Press "Enter" to skip to content

Category: R

R 3.4.0 Now Available

A new version of R is now available:

  • Accumulating vectors in a loop is faster – Assigning to an element of a vector beyond the current length now over-allocates by a small fraction. The new vector is marked internally as growable, and the true length of the new vector is stored in the truelength field. This makes building up a vector result by assigning to the next element beyond the current length more efficient, though pre-allocating is still preferred. The implementation is subject to change and not intended to be used in packages at this time.

There’s a big list of changes, so check it out and think about upgrading.

Comments closed

Building An Online R Training Environment

Steph Locke has shared how she put together a training lab for her R workshop:

This starts with the tidyverse & Rstudio then:

  • adds the requisite programs for dependencies in my package and whois for mkpasswd to be able to work

  • installs packages from github, notably the one designed to facilitate the day of text analysis

  • get the shell script and the csv from the gist

  • make the shell script executable and then run it

I loved the business card touch.  It’s easy enough to print out little strips of paper with the username and password, but this has a bit more staying power.

Comments closed

Logistic Regression In R

Steph Locke has a presentation on performing logistic regression using R:

Logistic regressions are a great tool for predicting outcomes that are categorical. They use a transformation function based on probability to perform a linear regression. This makes them easy to interpret and implement in other systems.

Logistic regressions can be used to perform a classification for things like determining whether someone needs to go for a biopsy. They can also be used for a more nuanced view by using the probabilities of an outcome for thinks like prioritising interventions based on likelihood to default on a loan.

It’s a good introduction to an important statistical method.

Comments closed

Feature Improvements In Microsoft R Server 9.1

David Smith gives us a nice roundup of feature improvements in Microsoft R Server 9.1:

Interoperability between Microsoft R Server and sparklyr. You can now use RStudio’s sparklyr package in tandem with Microsoft R Server in a single Spark session

New machine learning models in Hadoop and Spark. The new machine learning functions introduced with Version 9.0 (such as FastRank gradient-boosted trees and GPU-accelerated deep neural networks) are now available in the Hadoop and Spark contexts in addition to standalone servers and within SQL Server.

I have been looking forward to these.

Comments closed

SQL Server ML Services

SQL Server R Services is now SQL Server Machine Learning Services and supports Python.  First, Nagesh Pabbisetty and Sumit Kumar talk about Python support:

The addition of Python builds on the foundation laid for R Services in SQL Server 2016 and extends that mechanism to include Python support for in-database analytics and machine learning. We are renaming R Services to Machine Learning Services, and R and Python are two options under this feature.

The Python integration in SQL Server provides several advantages:

  • Elimination of data movement: You no longer need to move data from the database to your Python application or model. Instead, you can build Python applications in the database. This eliminates barriers of security, compliance, governance, integrity, and a host of similar issues related to moving vast amounts of data around. This new capability brings Python to the data and runs code inside secure SQL Server using the proven extensibility mechanism built in SQL Server 2016.

  • Easy deployment: Once you have the Python model ready, deploying it in production is now as easy as embedding it in a T-SQL script, and then any SQL client application can take advantage of Python-based models and intelligence by a simple stored procedure call.

  • Enterprise-grade performance and scale: You can use SQL Server’s advanced capabilities like in-memory table and column store indexes with the high-performance scalable APIs in RevoScalePy package. RevoScalePy is modeled after RevoScaleR package in SQL Server R Services. Using these with the latest innovations in the open source Python world allows you to bring unparalleled selection, performance, and scale to your SQL Python applications.
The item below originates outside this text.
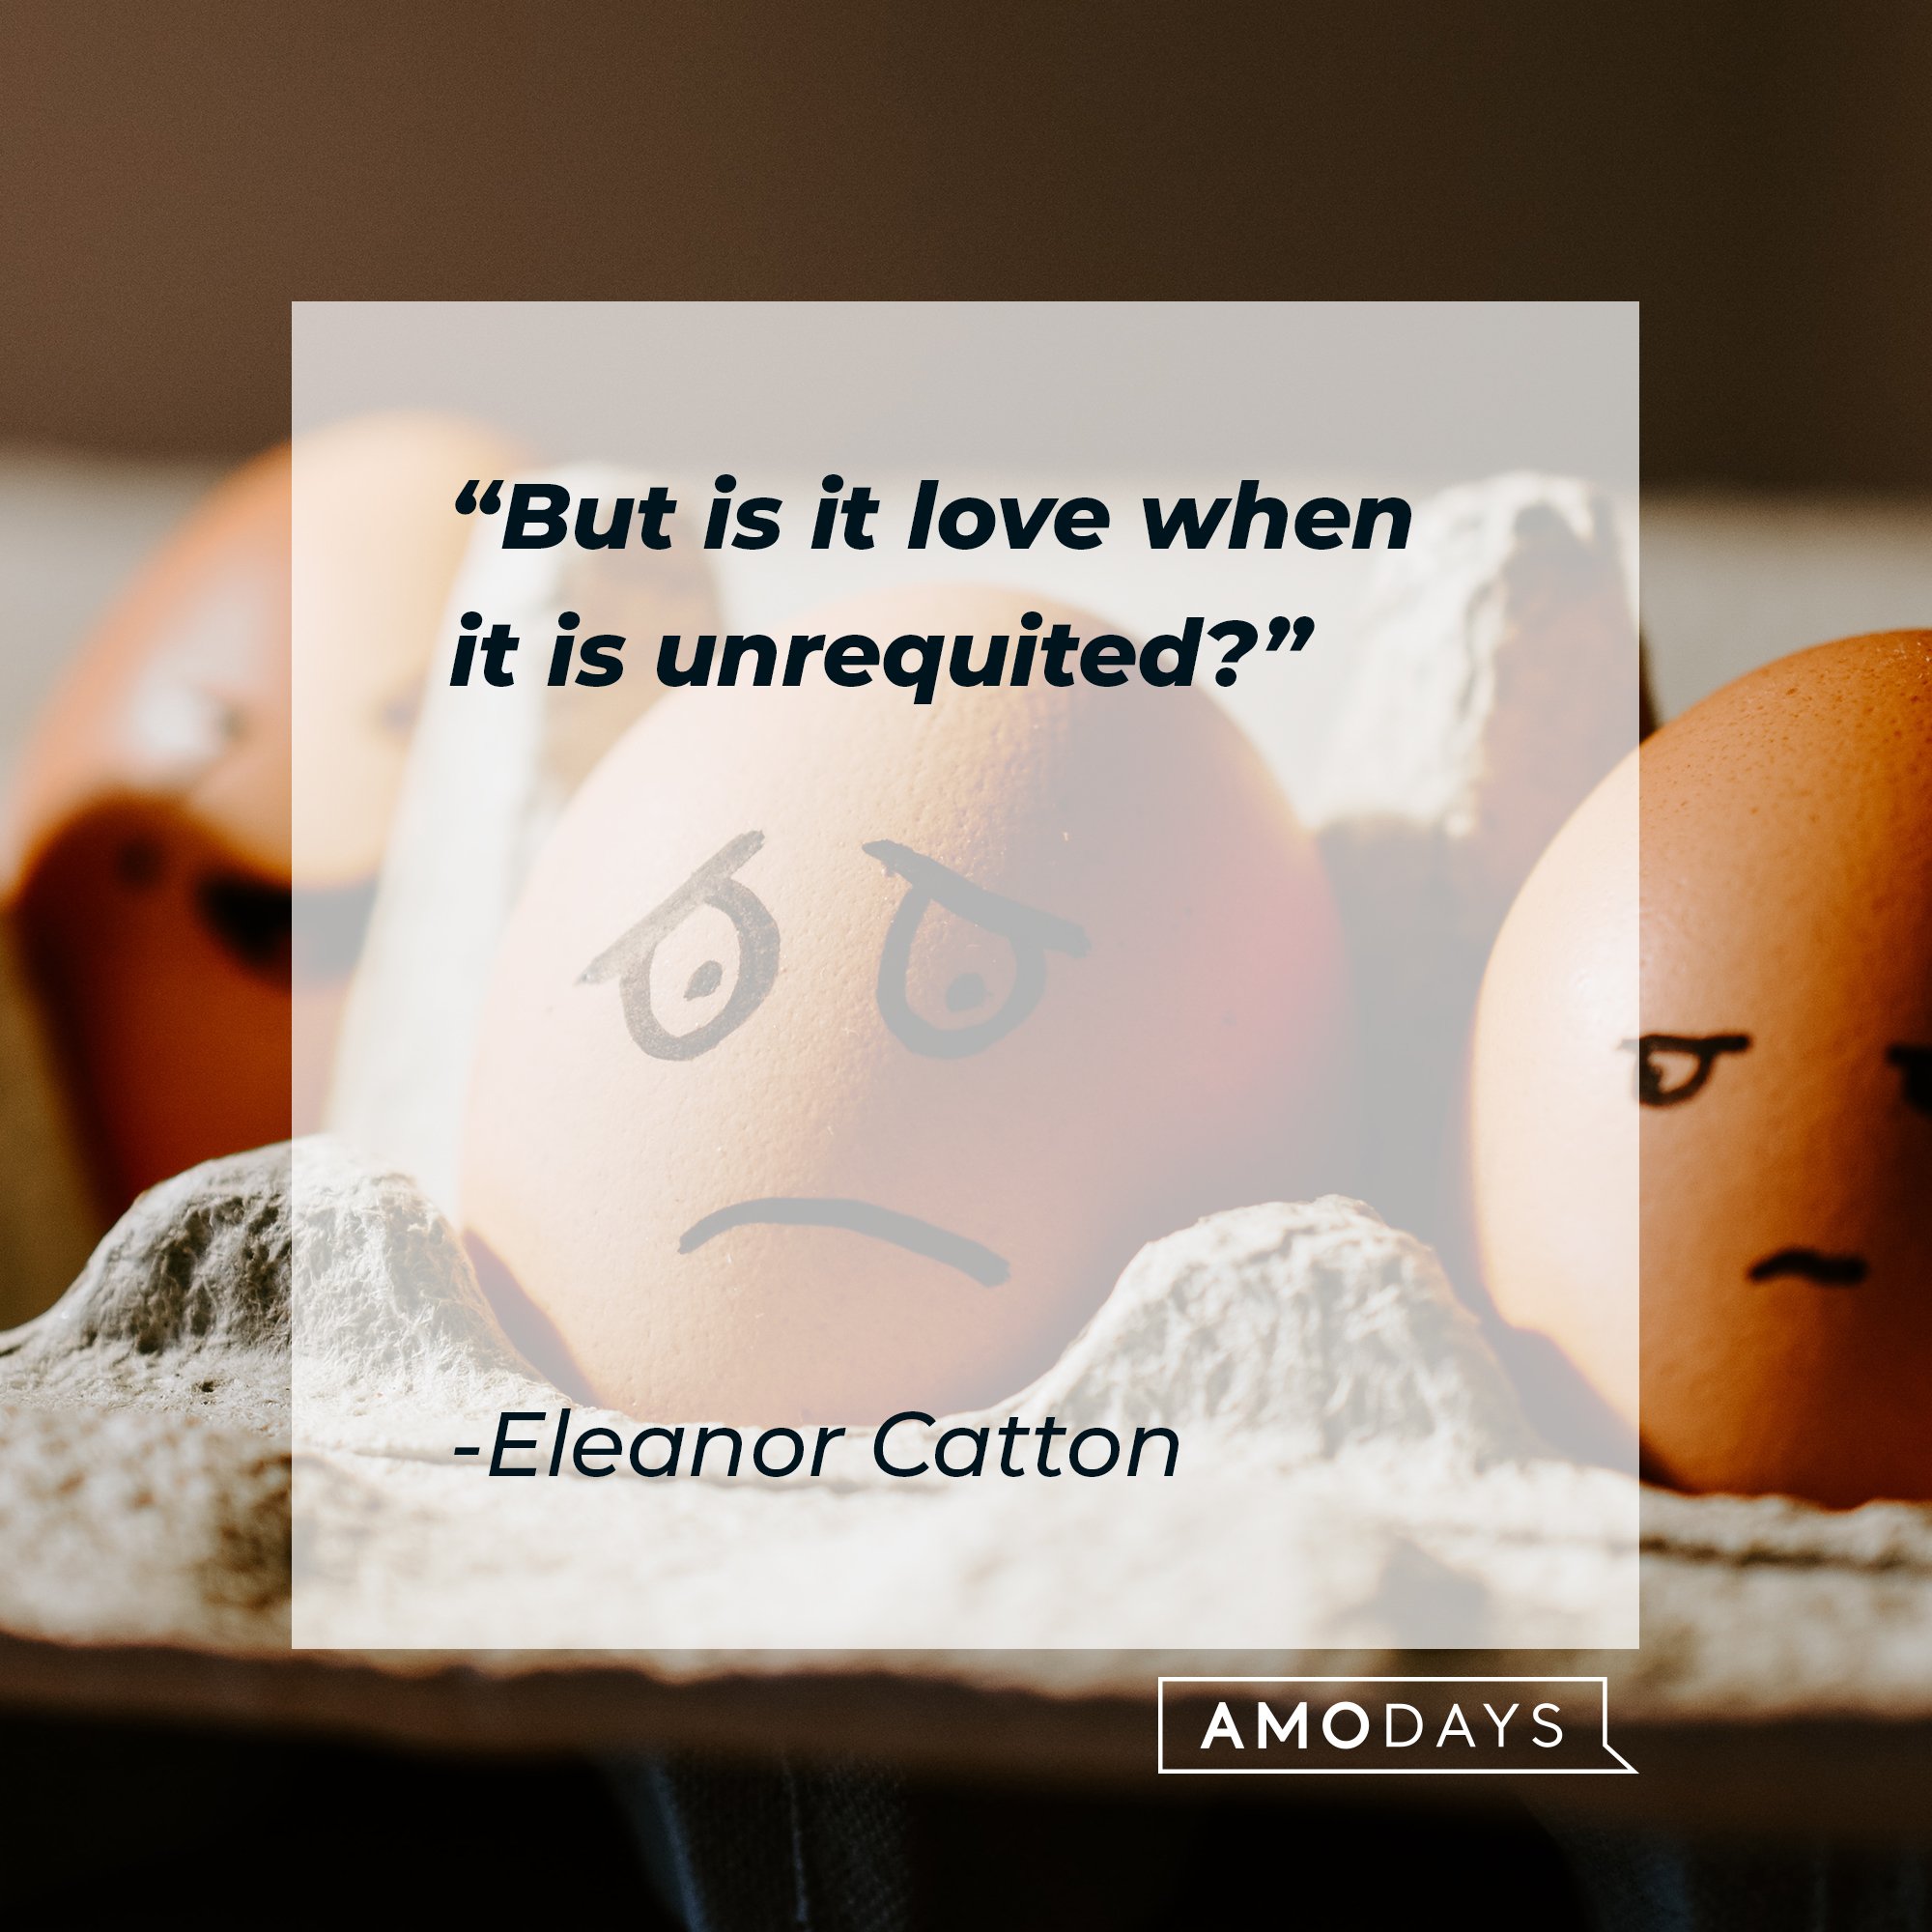 Eleanor Catton’s quote: "But is it love when it is unrequited?" | Image: AmoDays

  • Rich extensibility: You can install and run any of the latest open source Python packages in SQL Server to build deep learning and AI applications on huge amounts of data in SQL Server. Installing a Python package in SQL Server is as simple as installing a Python package on your local machine.
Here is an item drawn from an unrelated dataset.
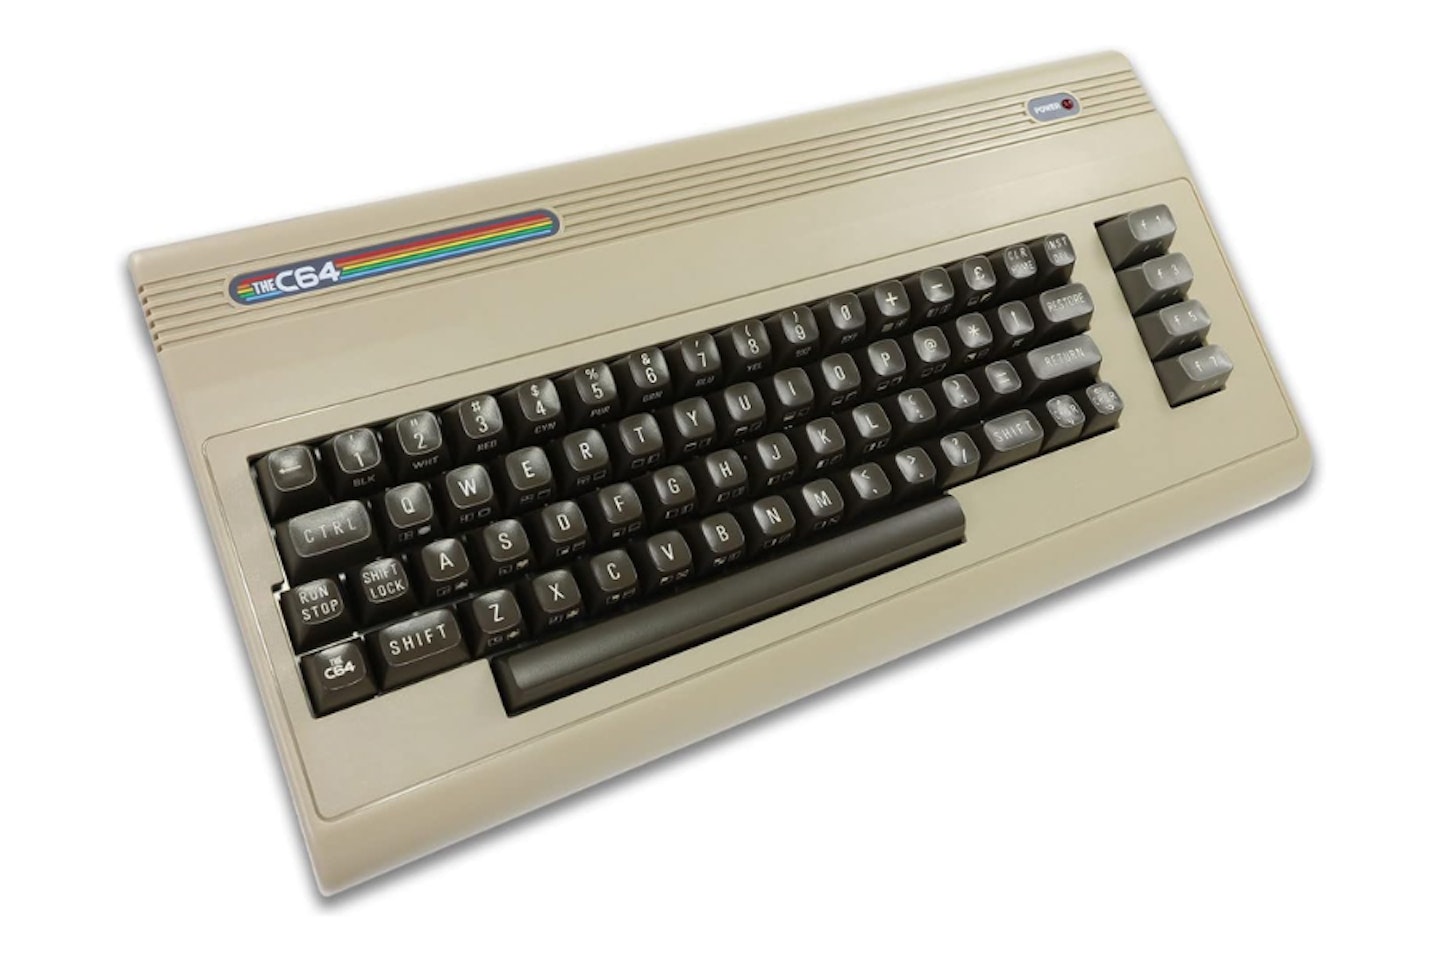 The C64 (full-size)  - an example of the best retro game console

  • Wide availability at no additional costs: Python integration is available in all editions of SQL Server 2017, including the Express edition.

Nagesh Pabbisetty also announces Microsoft R Server 9.1:

We took the first step with Microsoft R Server 9.0, and this follow on release includes significant innovations such as:

  • New machine learning enhancements and inclusion of pre-trained cognitive models such as sentiment analysis & image featurizers

  • SQL Server Machine Learning Services with integrated Python in Preview

  • Enterprise grade operationalization with real-time scoring and dynamic scaling of VMs

  • Deep customer & ISV partnerships to deliver the right solutions to customers

  • A panoply of sources to help you get started with ease

And Joseph Sirosh indicates that AI is where the money is:

So today it’s my pleasure to announce the first RDBMS with built-in AIa production-quality Community Technology Preview (CTP 2.0) of SQL Server 2017. In this preview release, we are introducing in-database support for a rich library of machine learning functions, and now for the first time Python support (in addition to R). SQL Server can also leverage NVIDIA GPU-accelerated computing through the Python/R interface to power even the most intensive deep-learning jobs on images, text, and other unstructured data. Developers can implement NVIDIA GPU-accelerated analytics and very sophisticated AI directly in the database server as stored procedures and gain orders of magnitude higher throughput. In addition, developers can use all the rich features of the database management system for concurrency, high-availability, encryption, security, and compliance to build and deploy robust enterprise-grade AI applications.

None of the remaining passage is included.